→ **Assignment**
Your answer must be a word-for-word copy of the listing, with all pictures excluded.

→ **Source material**
§ §

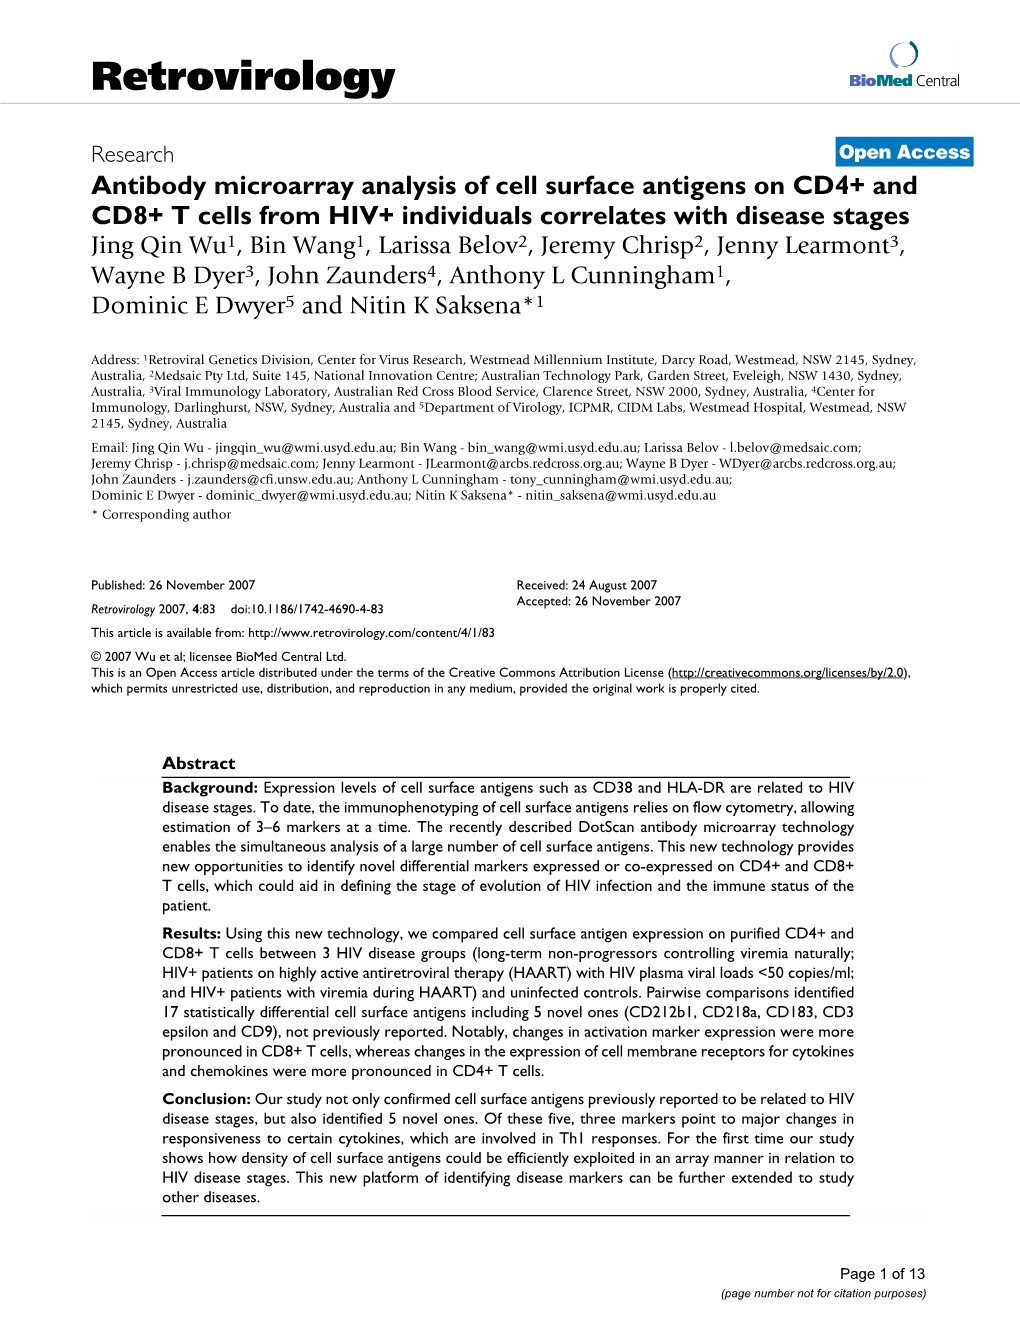 Antibody Microarray Analysis of Cell Surface Antigens on CD4+ and CD8+ T Cells from HIV+ Individuals Correlates with Disease Stages
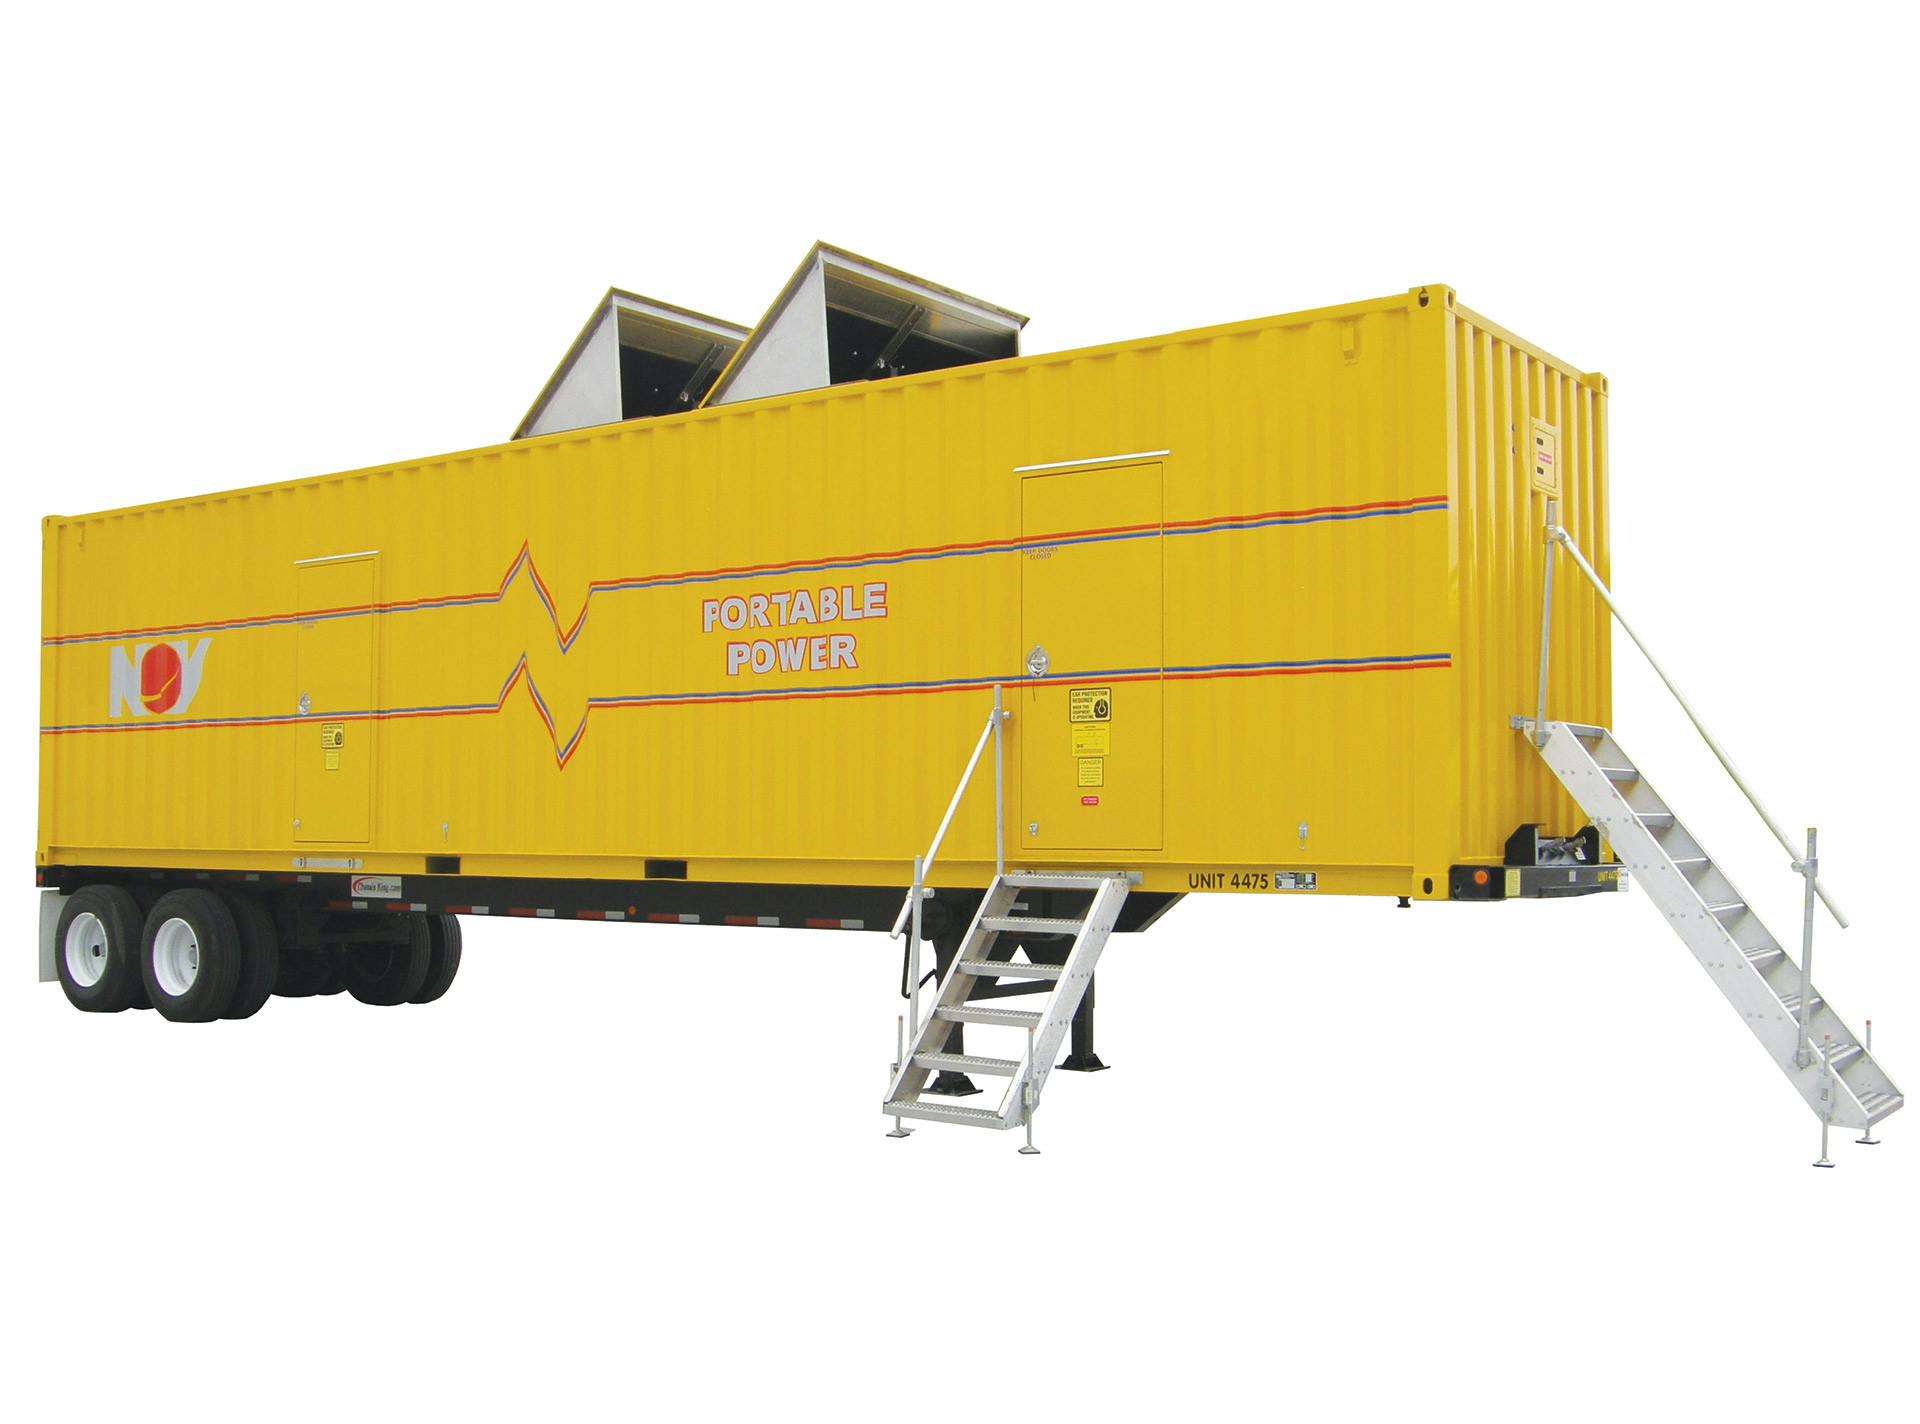 A render of a large portable power generator unit
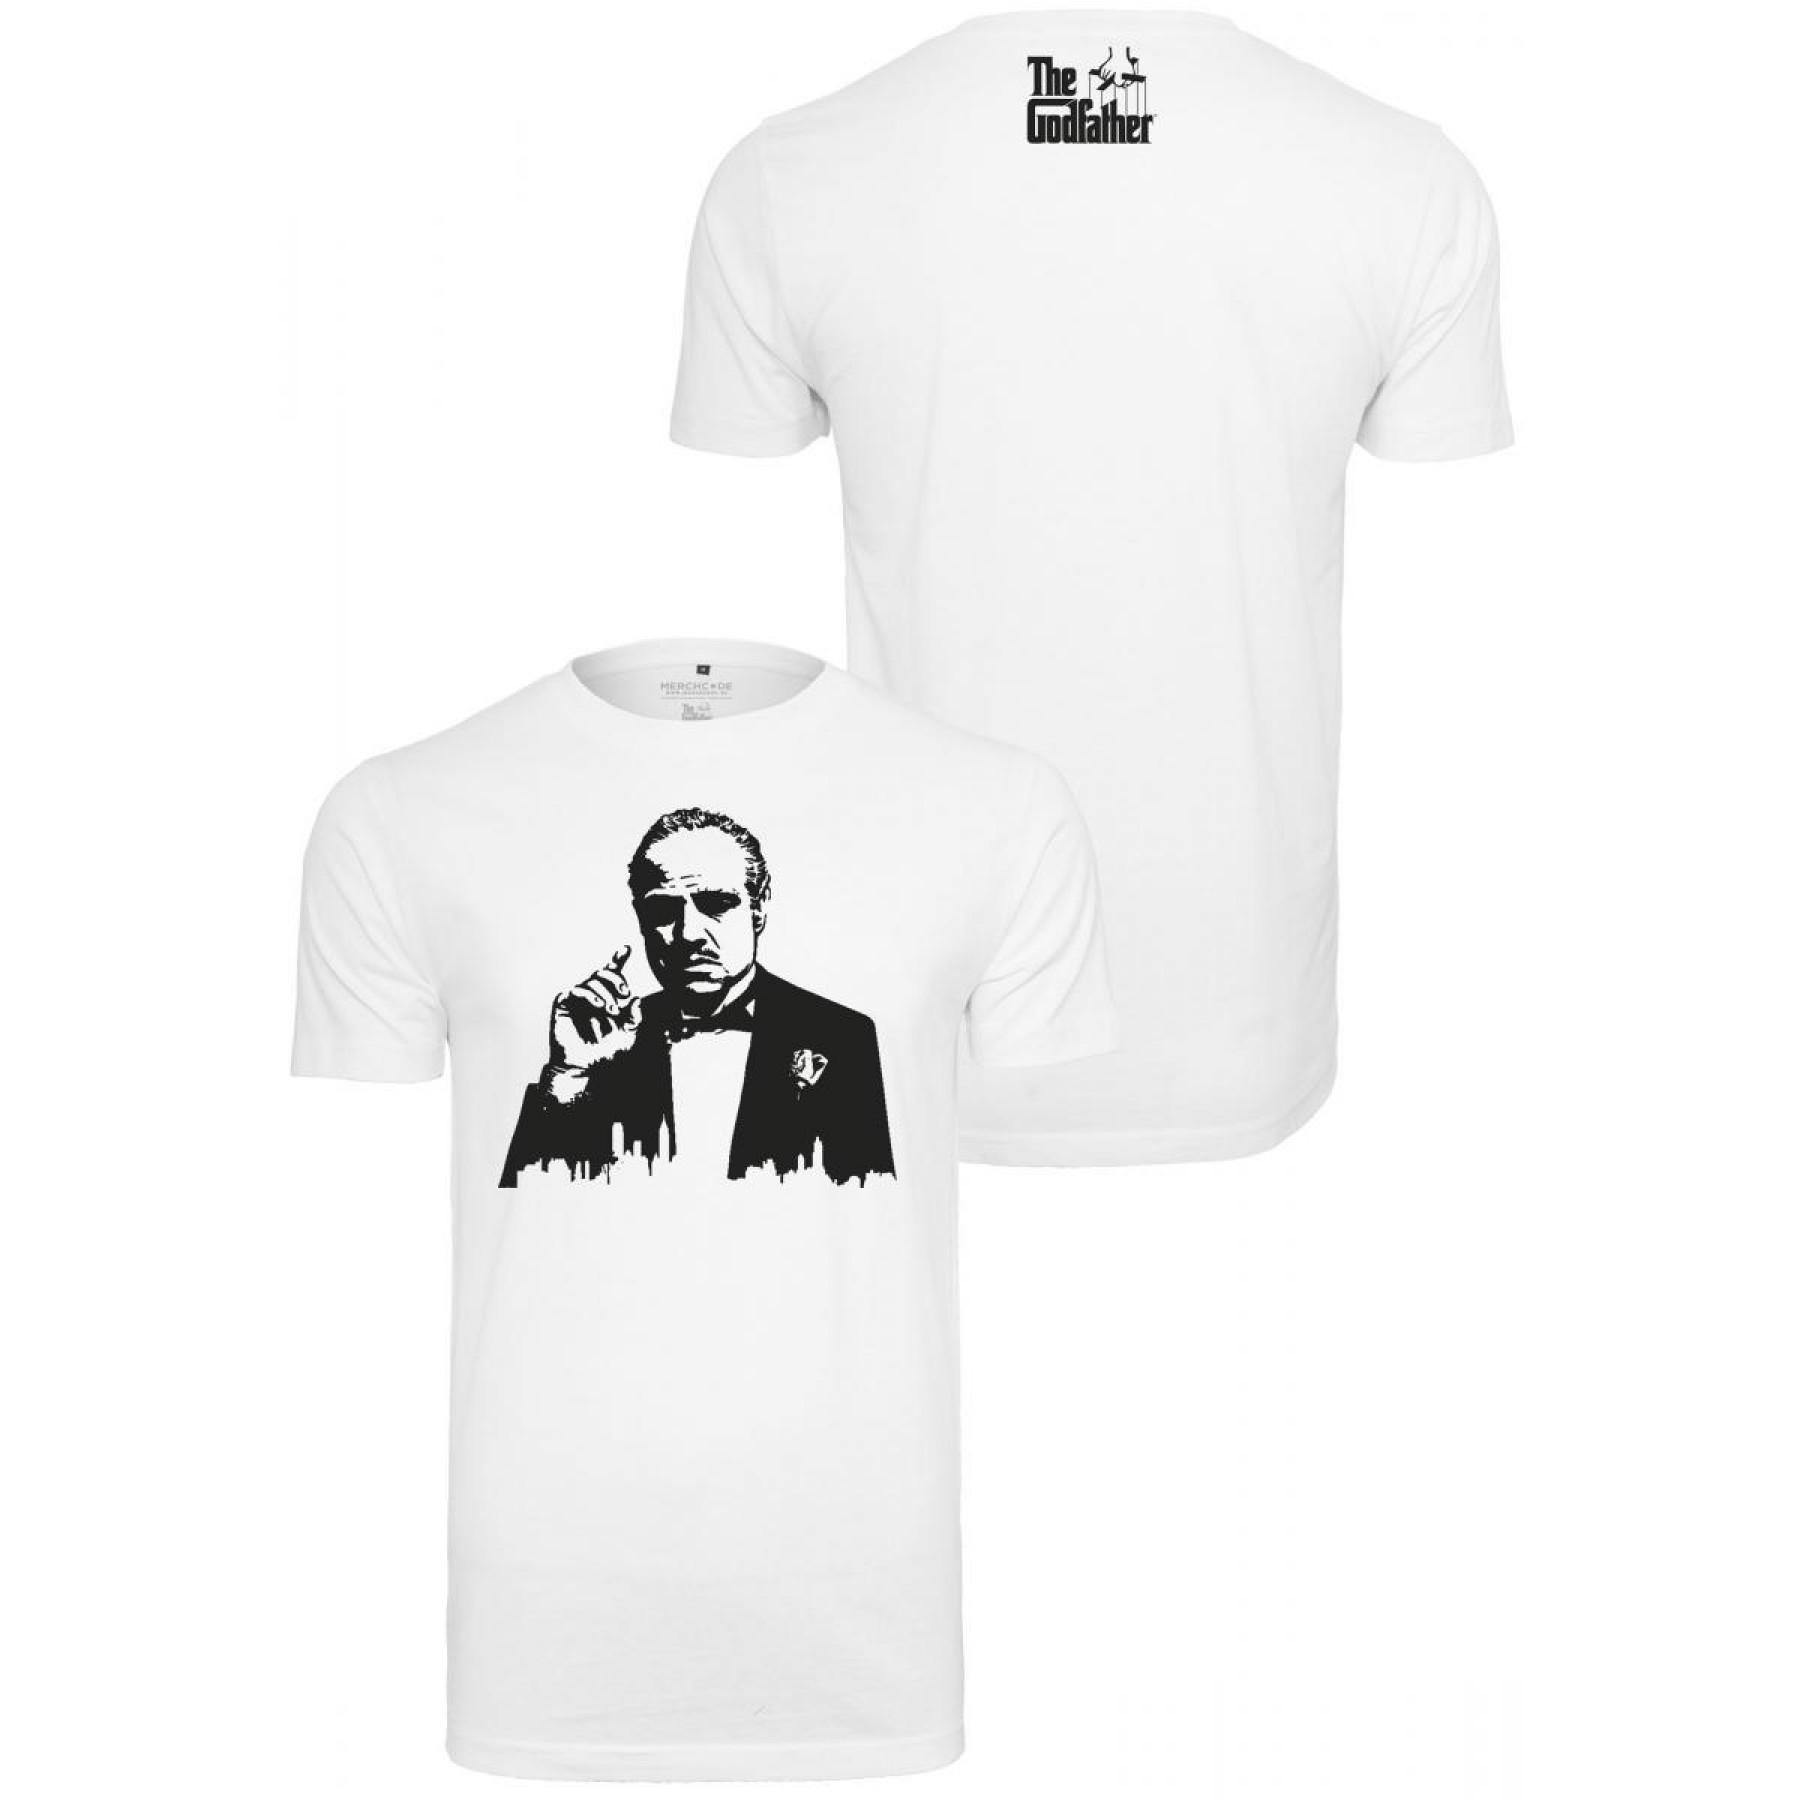 T-shirt Urban Classic godfather painted

§ §

→ **Answer below**
 Antibody Microarray Analysis of Cell Surface Antigens on CD4+ and CD8+ T Cells from HIV+ Individuals Correlates with Disease Stages
 A render of a large portable power generator unit
 T-shirt Urban Classic godfather painted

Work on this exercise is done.